Where the listing below reaches the line containing "Nike FS Lite", start writing out lines exactly, and stop once the line containing "Hanoi tour in summer - Hoan Kiem Lake" has been written.

• Records for processing:
☆ ☆ ☆ ☆ ☆

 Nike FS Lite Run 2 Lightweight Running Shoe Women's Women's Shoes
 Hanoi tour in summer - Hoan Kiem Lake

☆ ☆ ☆ ☆ ☆

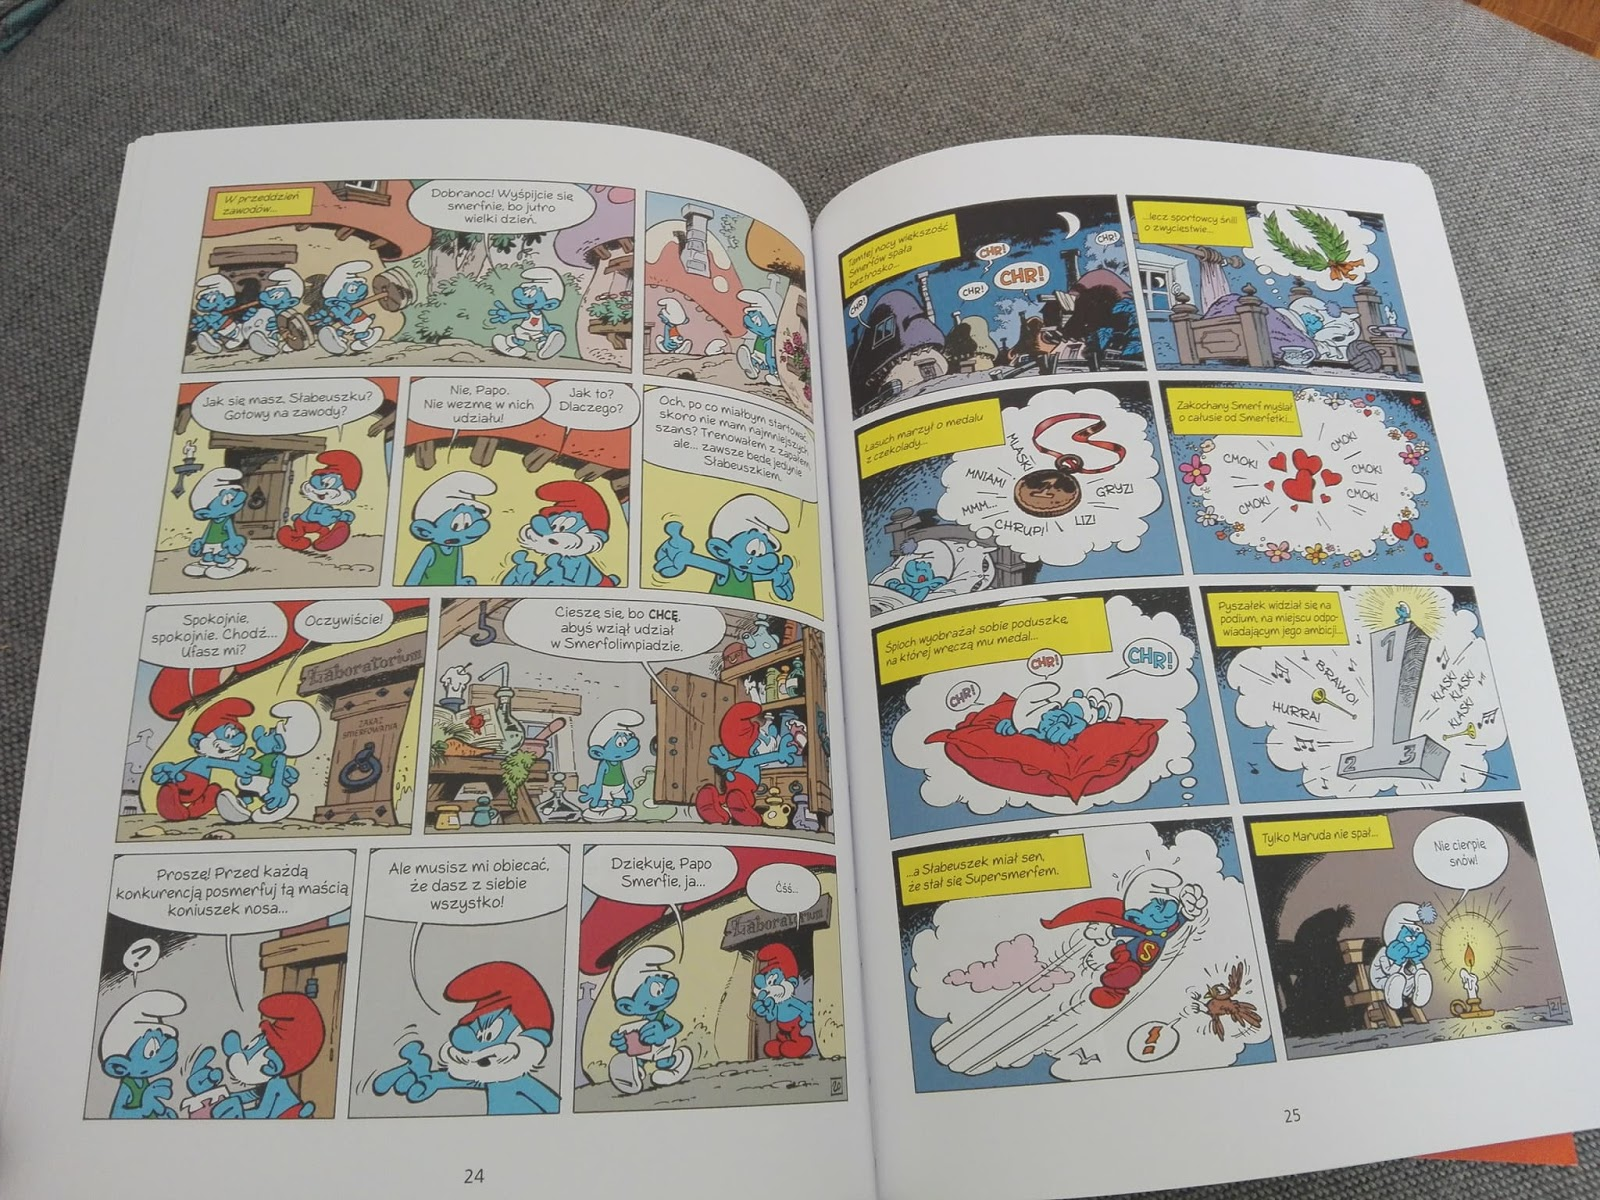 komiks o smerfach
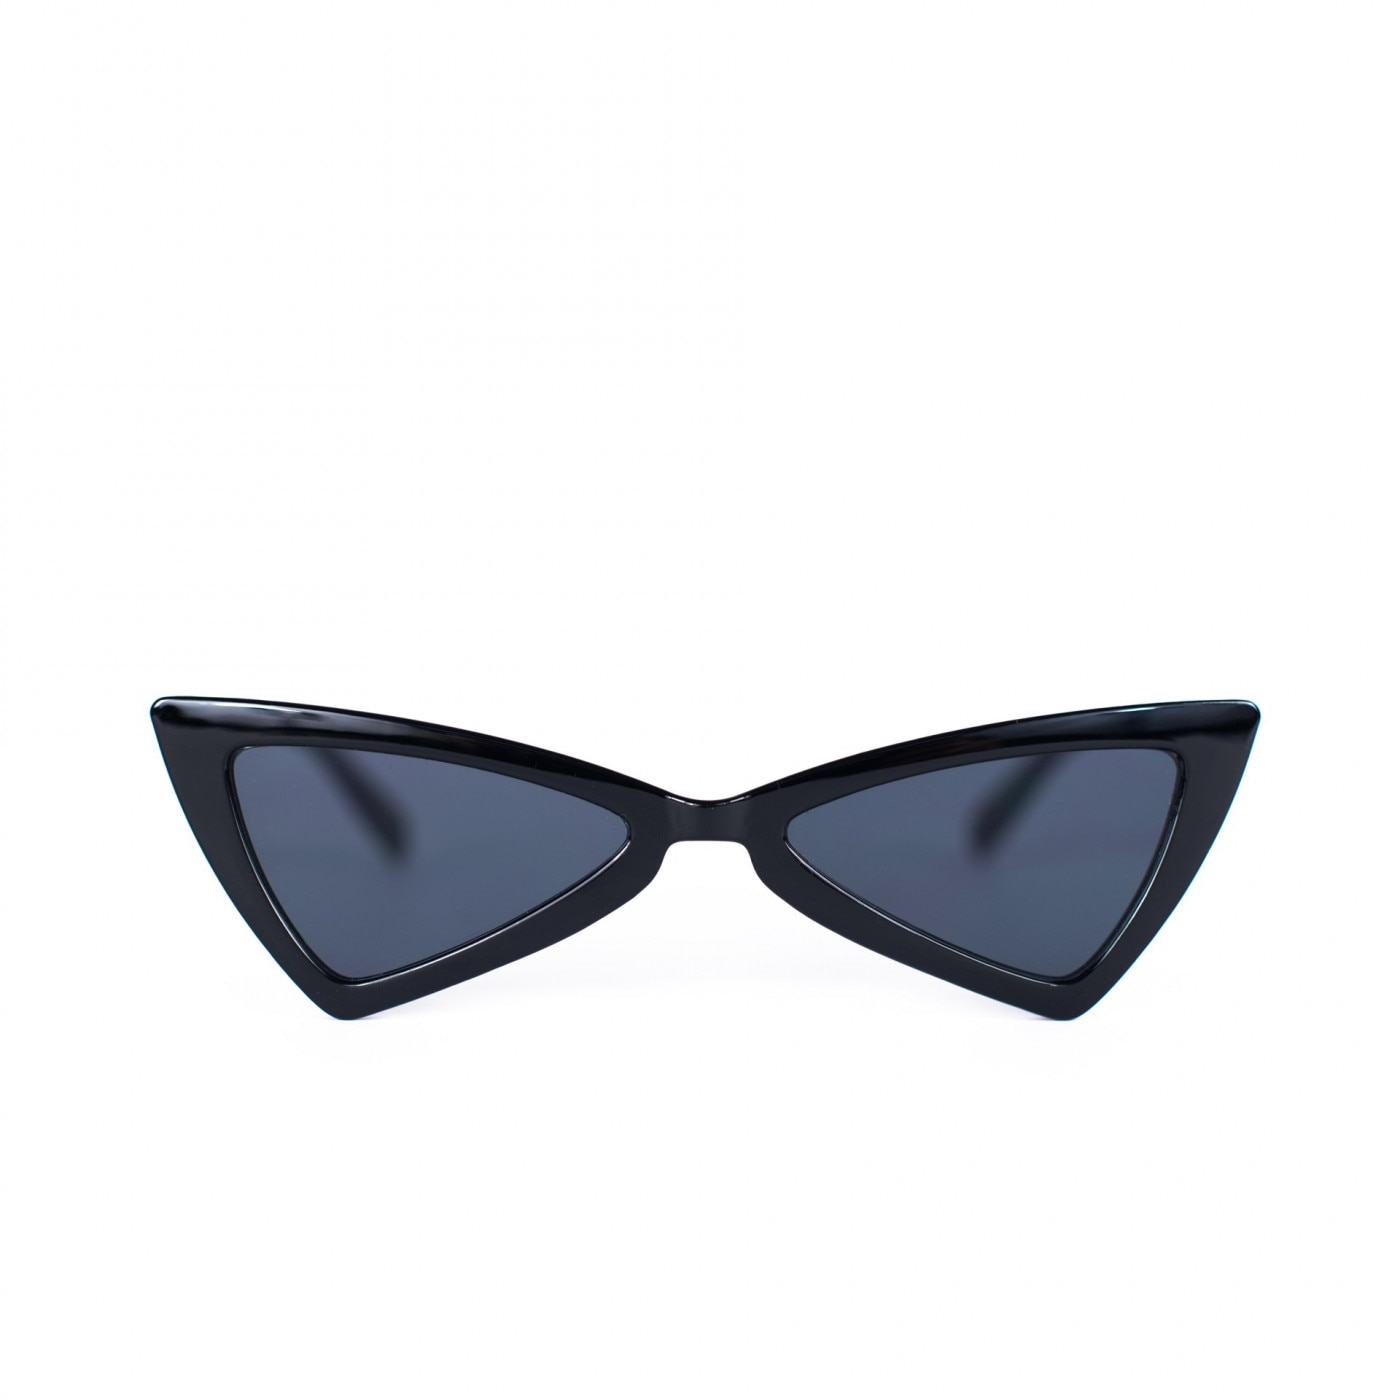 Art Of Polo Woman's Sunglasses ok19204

☆ ☆ ☆ ☆ ☆

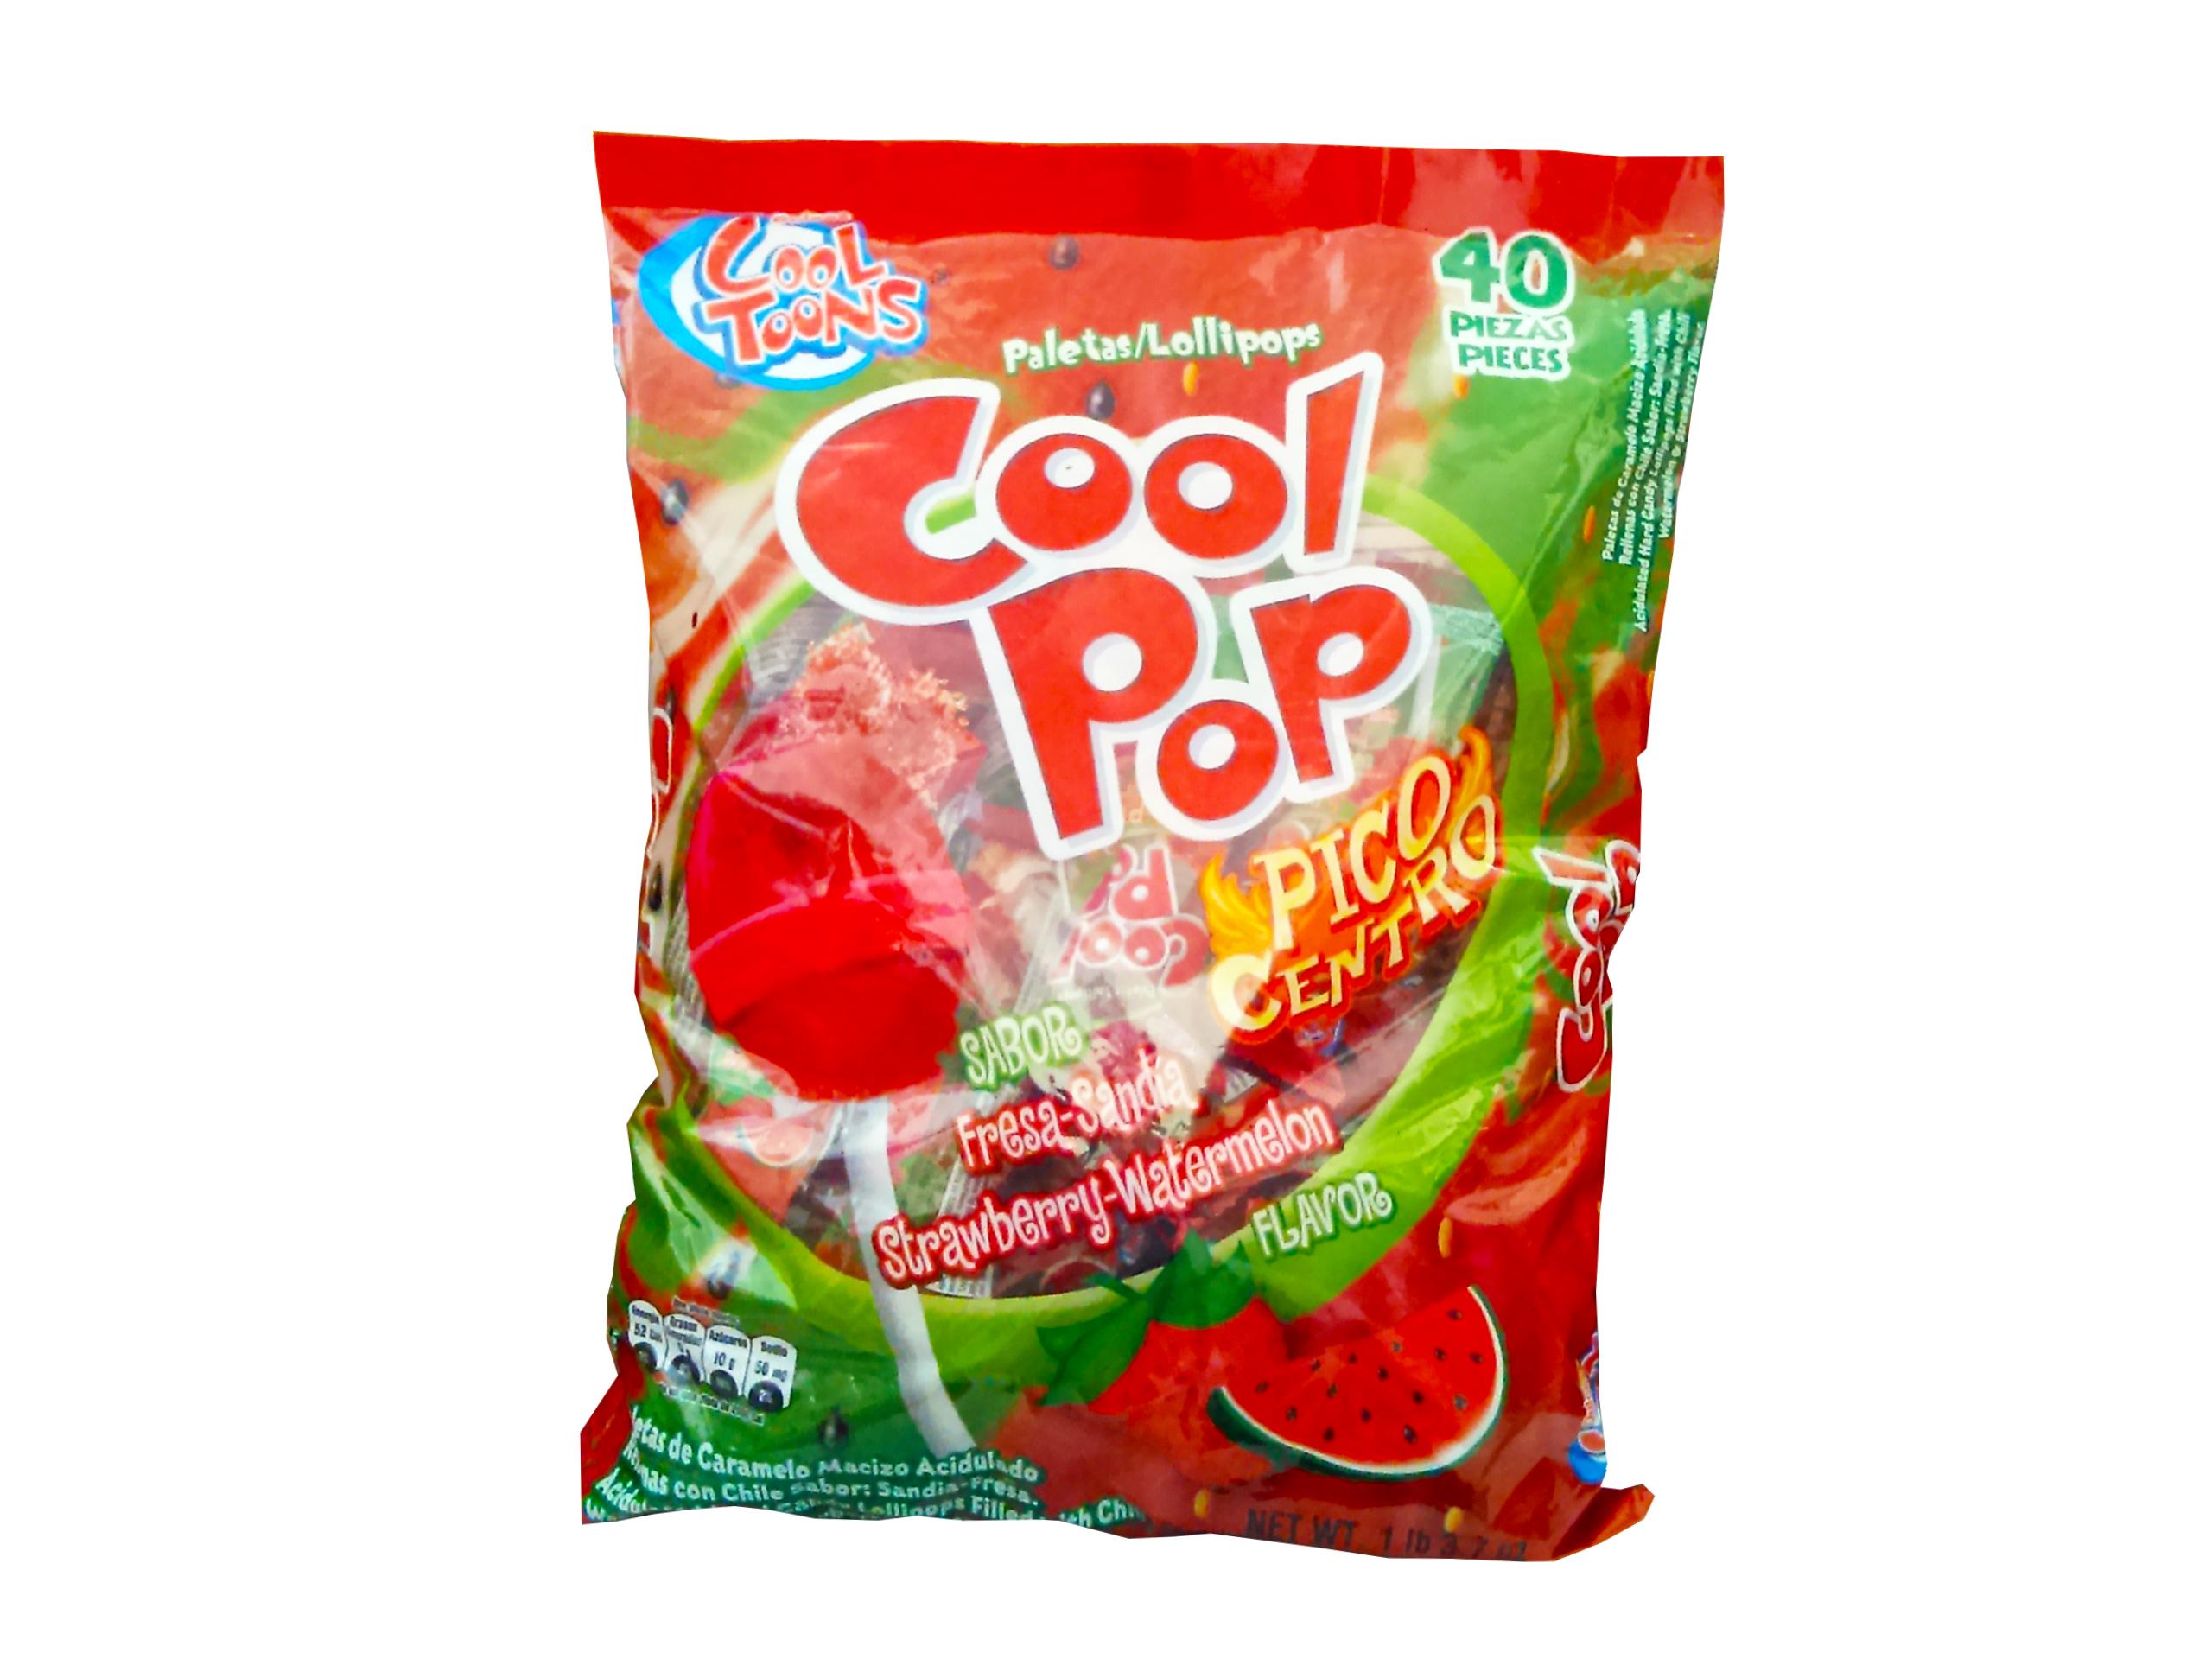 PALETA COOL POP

☆ ☆ ☆ ☆ ☆

• Exercise result:
 Nike FS Lite Run 2 Lightweight Running Shoe Women's Women's Shoes
 Hanoi tour in summer - Hoan Kiem Lake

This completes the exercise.